[[ Data below open ]]

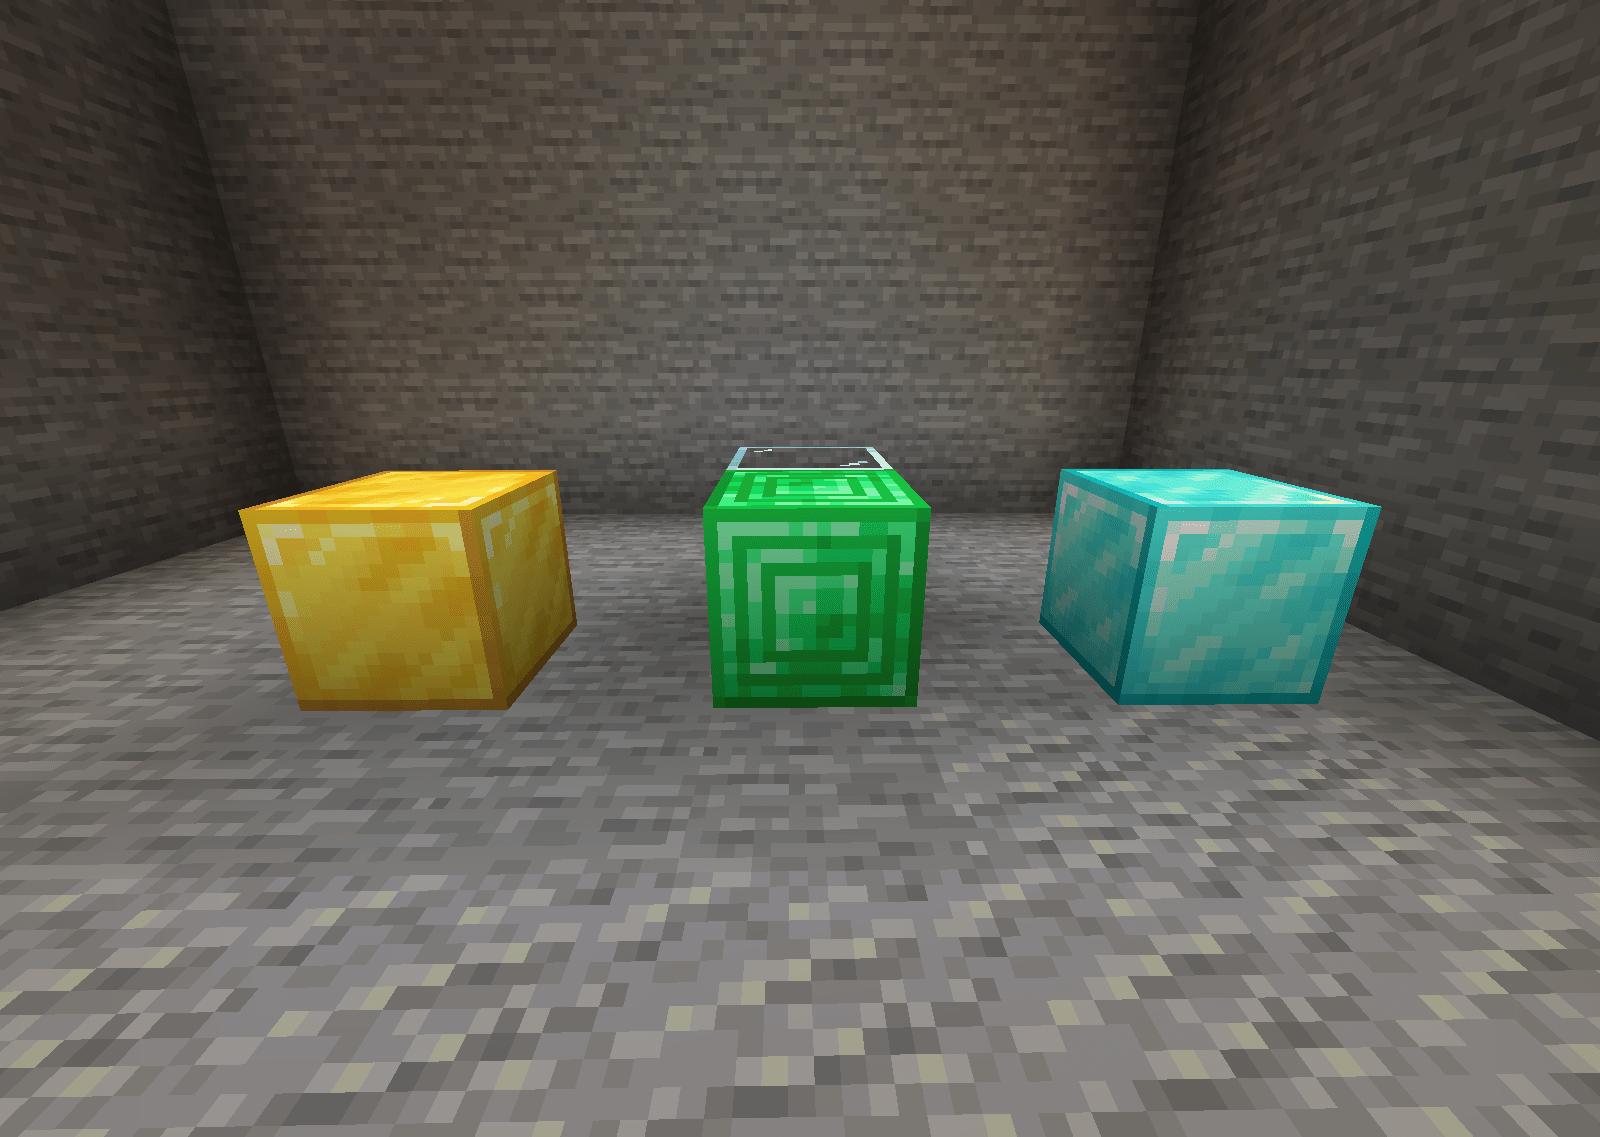 the emerald block texture
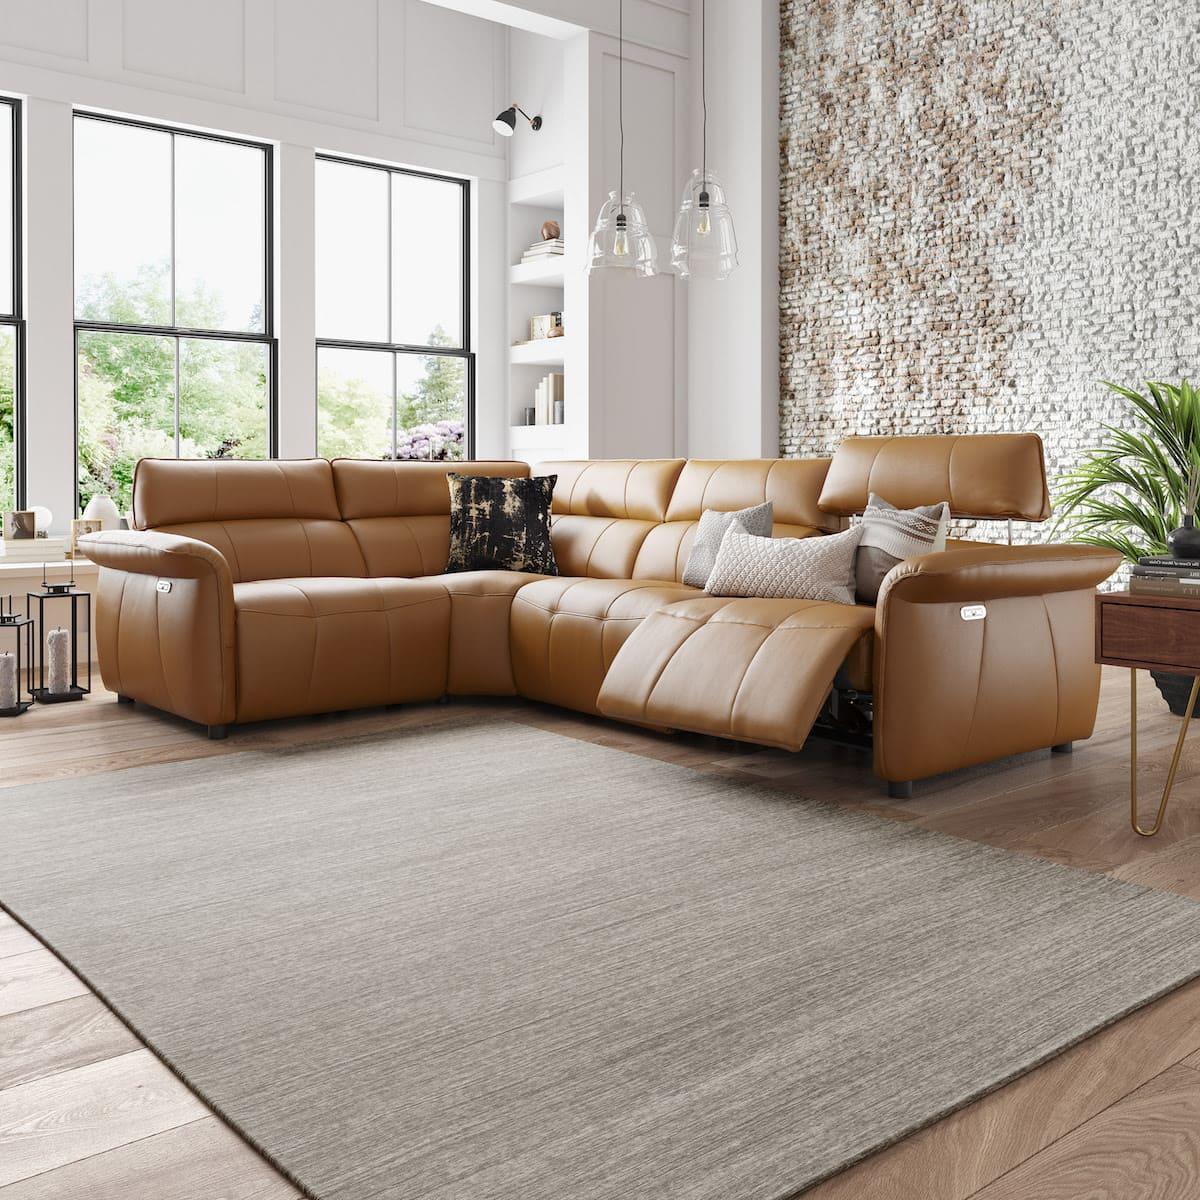 дизайн интерьера модной квартиры фото 17
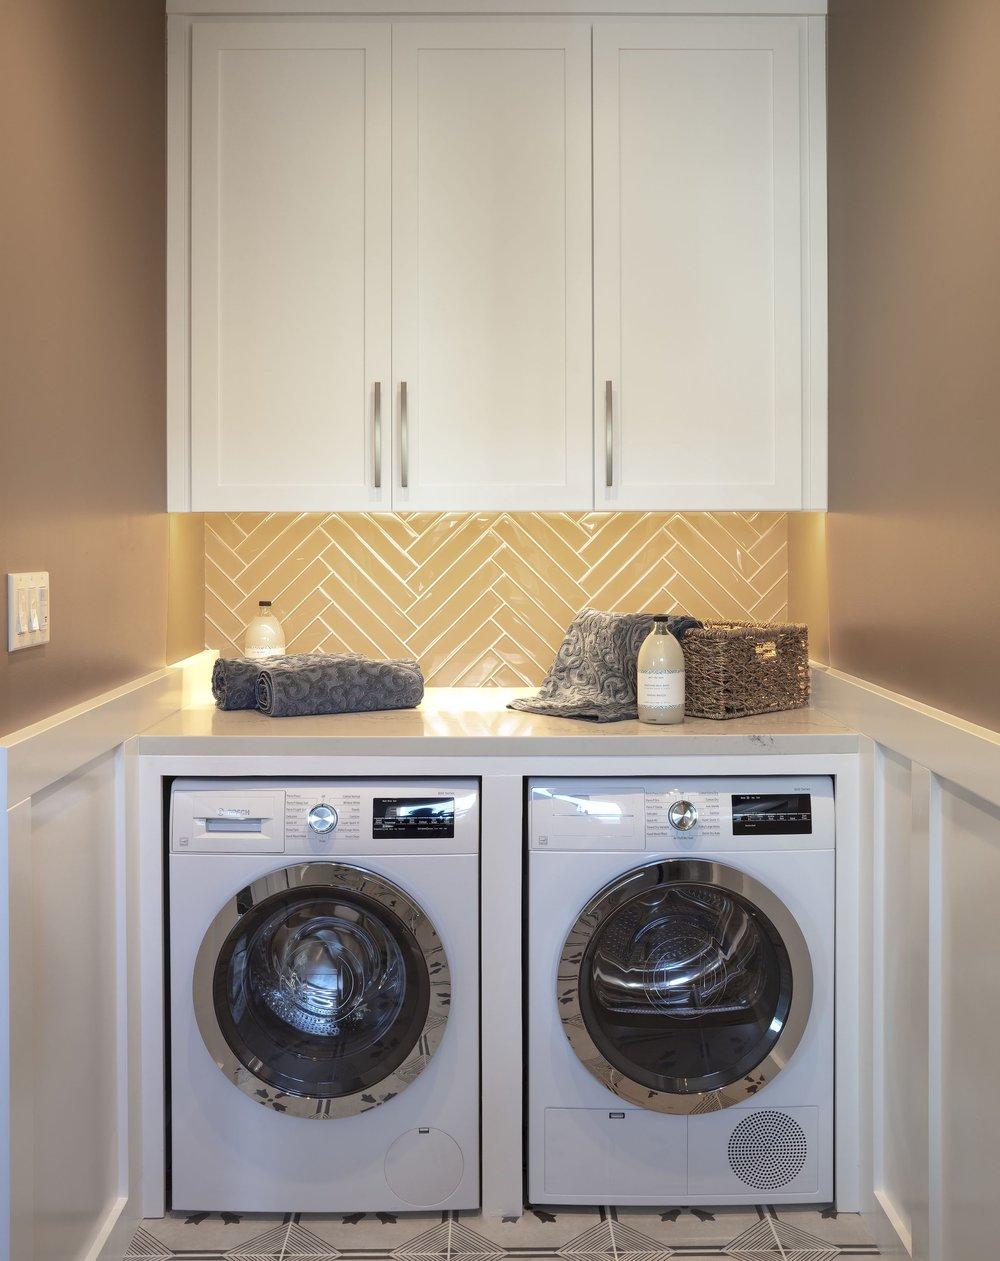 10_Laundry_Room.jpg

[[ Data below closed ]]

§ **Prompt**
Using the material above, return every line exactly as it appears, minus the pictures.

§ **The completed task**
 the emerald block texture
 дизайн интерьера модной квартиры фото 17
 10_Laundry_Room.jpg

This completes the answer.